— ABOUT THIS TASK —
Return the data below exactly, please, but drop the pictures.

— COLLECTED DATA —

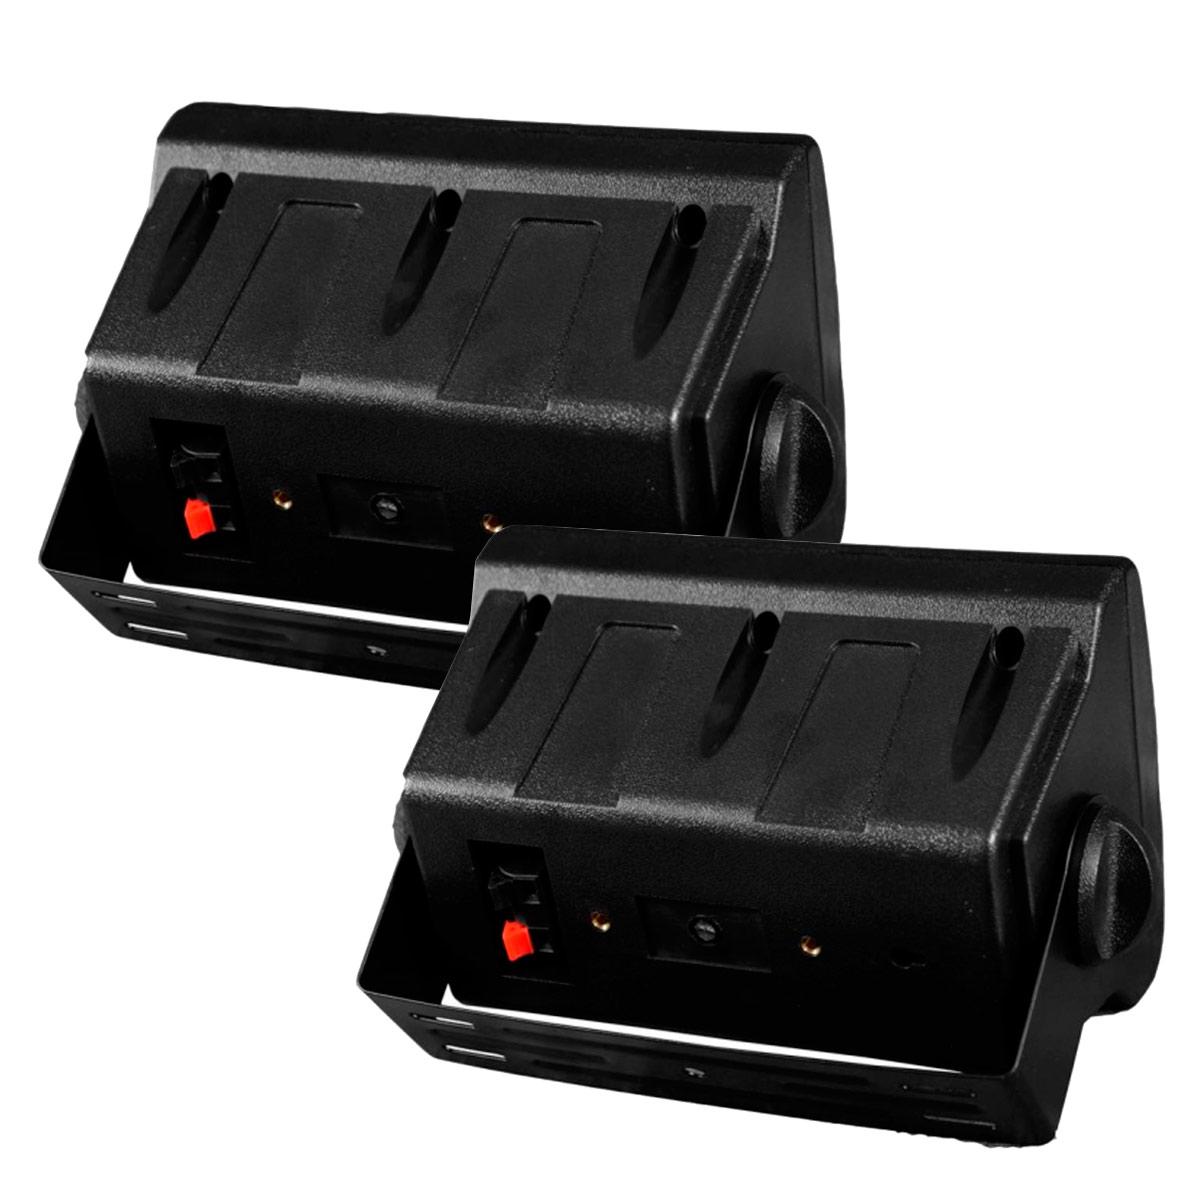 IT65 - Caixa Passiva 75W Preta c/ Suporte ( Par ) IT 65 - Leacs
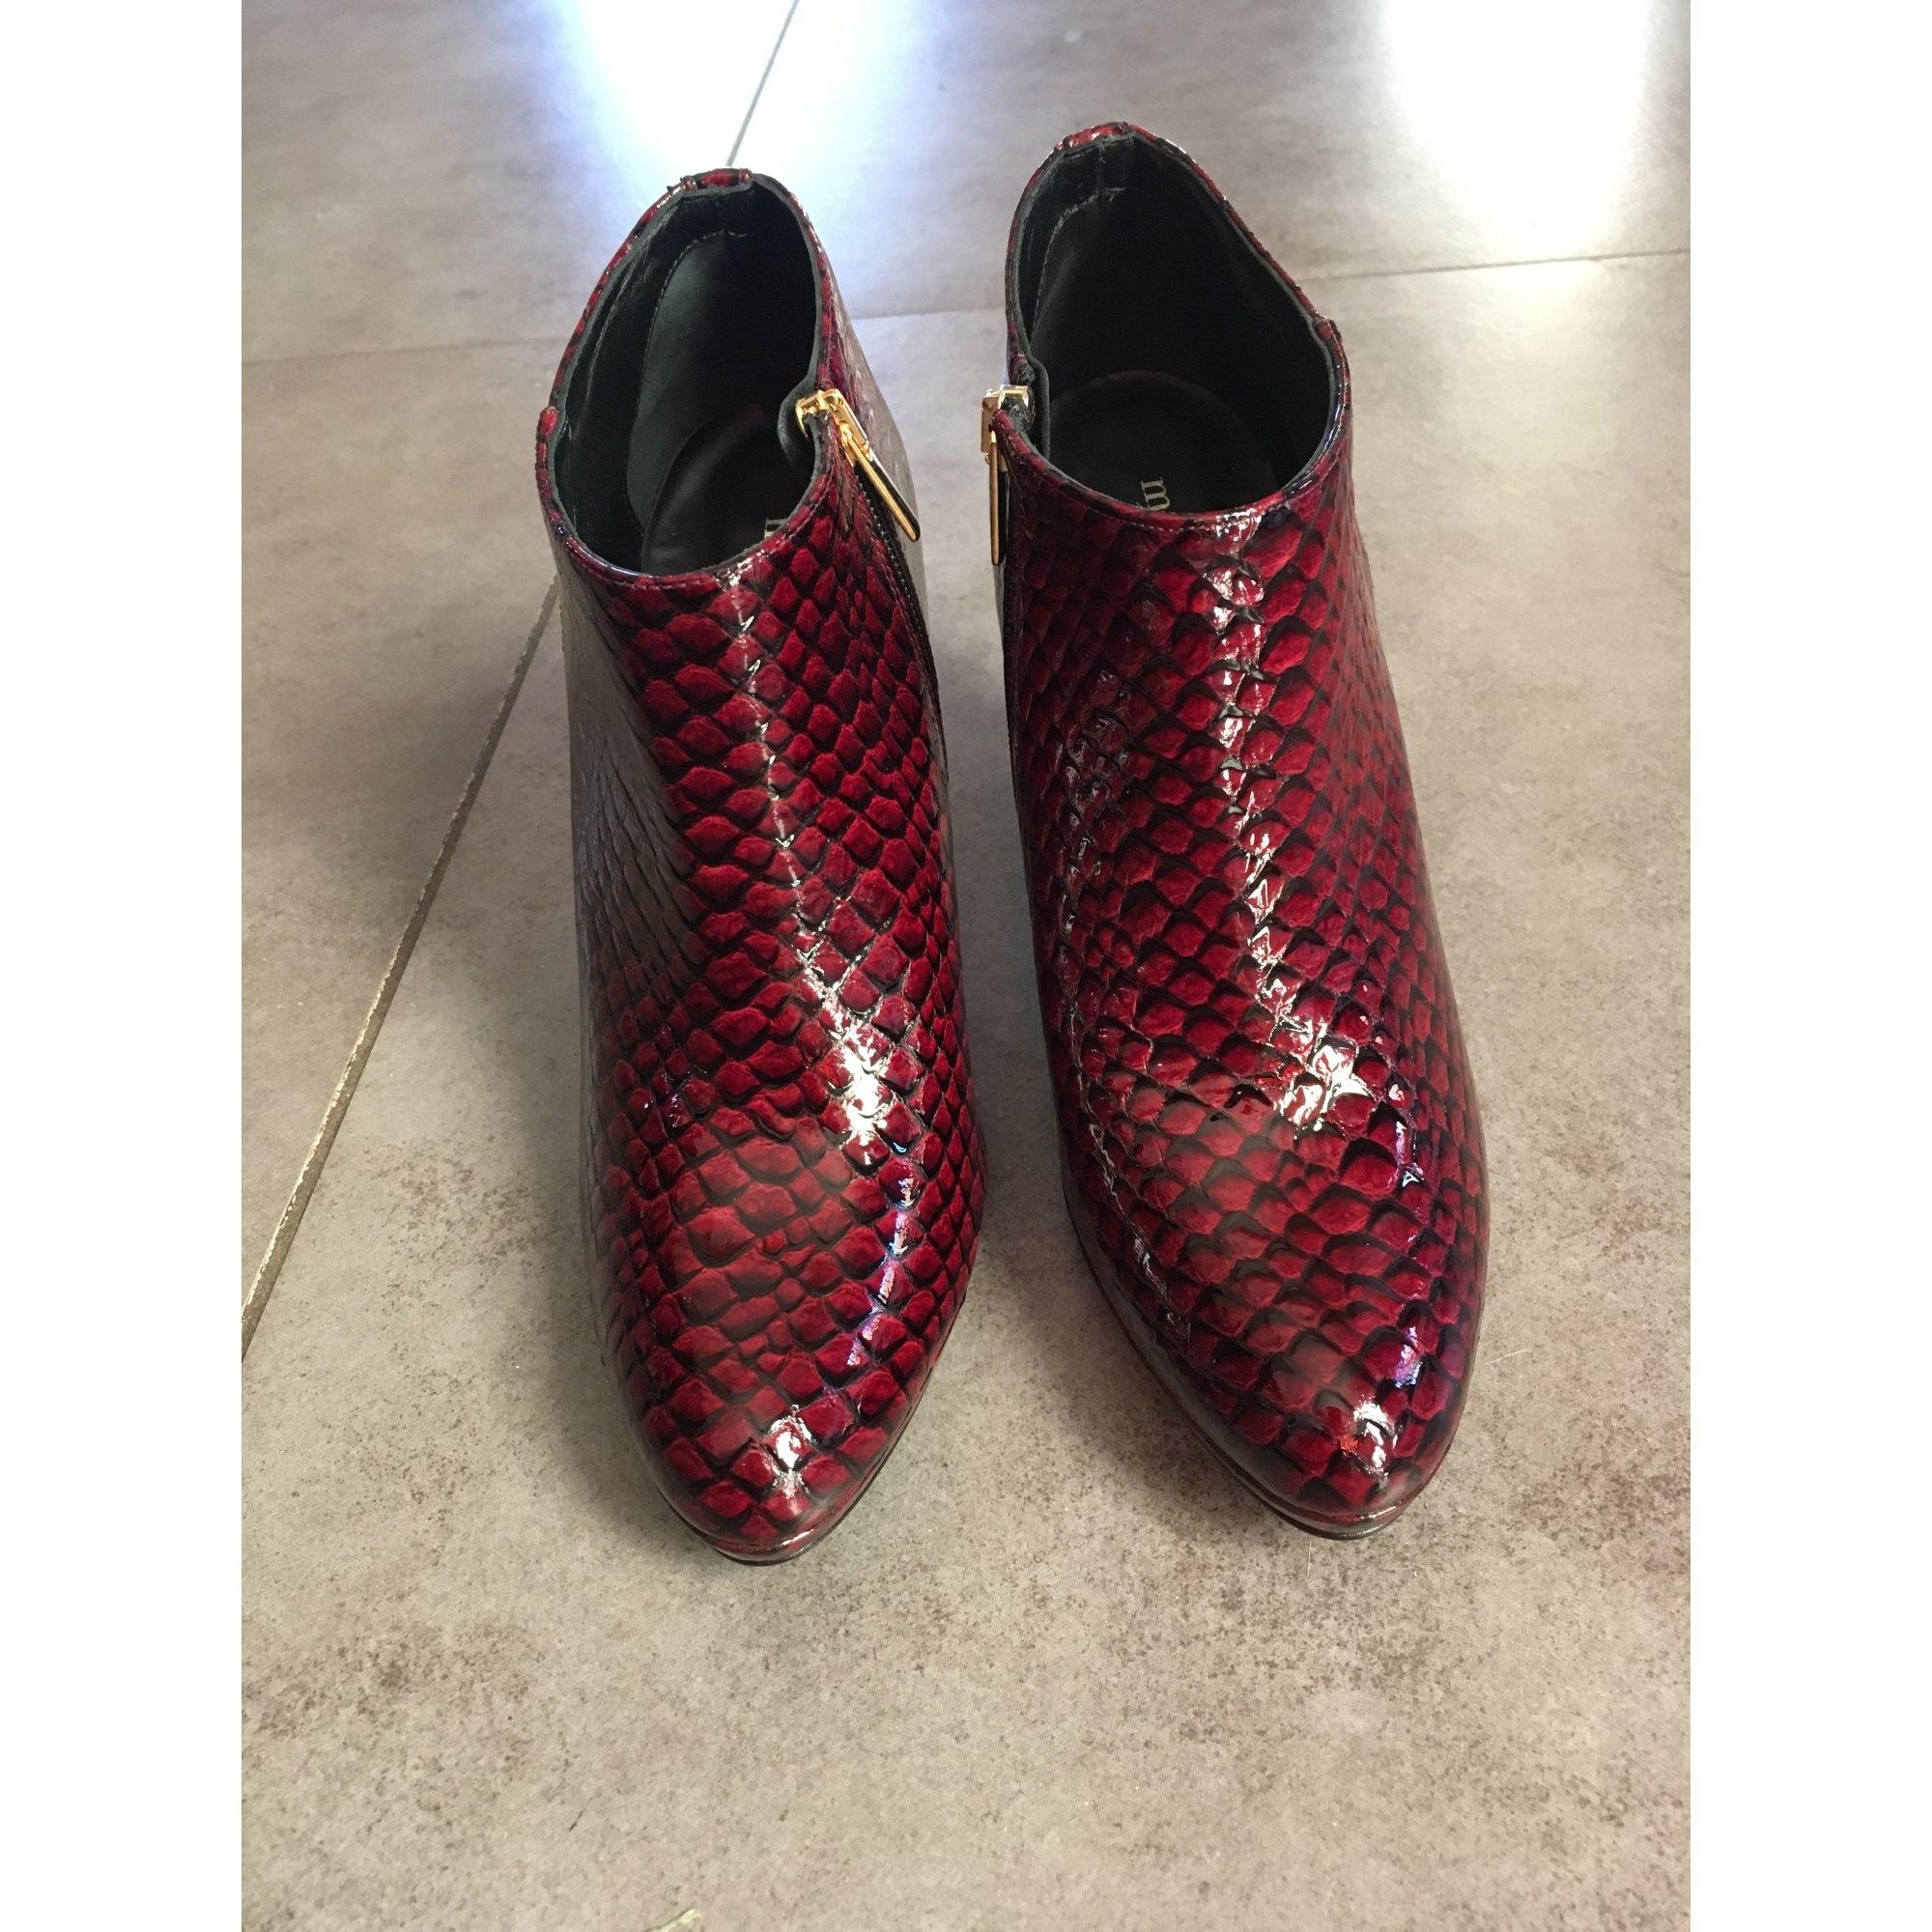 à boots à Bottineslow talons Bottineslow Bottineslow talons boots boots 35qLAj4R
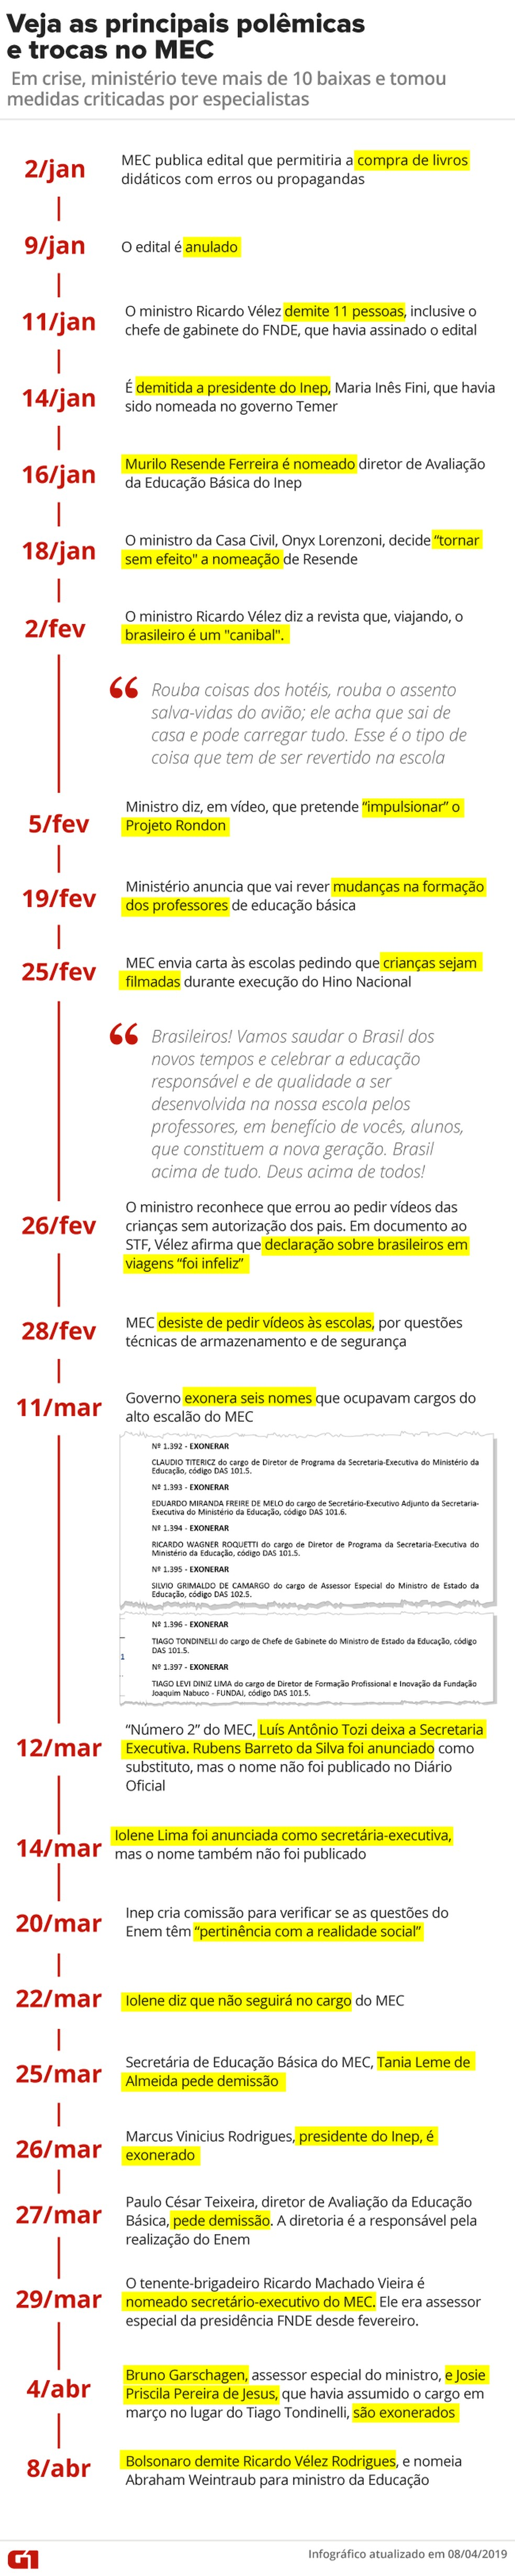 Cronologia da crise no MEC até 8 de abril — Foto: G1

— EXERCISE SOLUTION —
 IT65 - Caixa Passiva 75W Preta c/ Suporte ( Par ) IT 65 - Leacs
 à boots à Bottineslow talons Bottineslow Bottineslow talons boots boots 35qLAj4R
 Cronologia da crise no MEC até 8 de abril — Foto: G1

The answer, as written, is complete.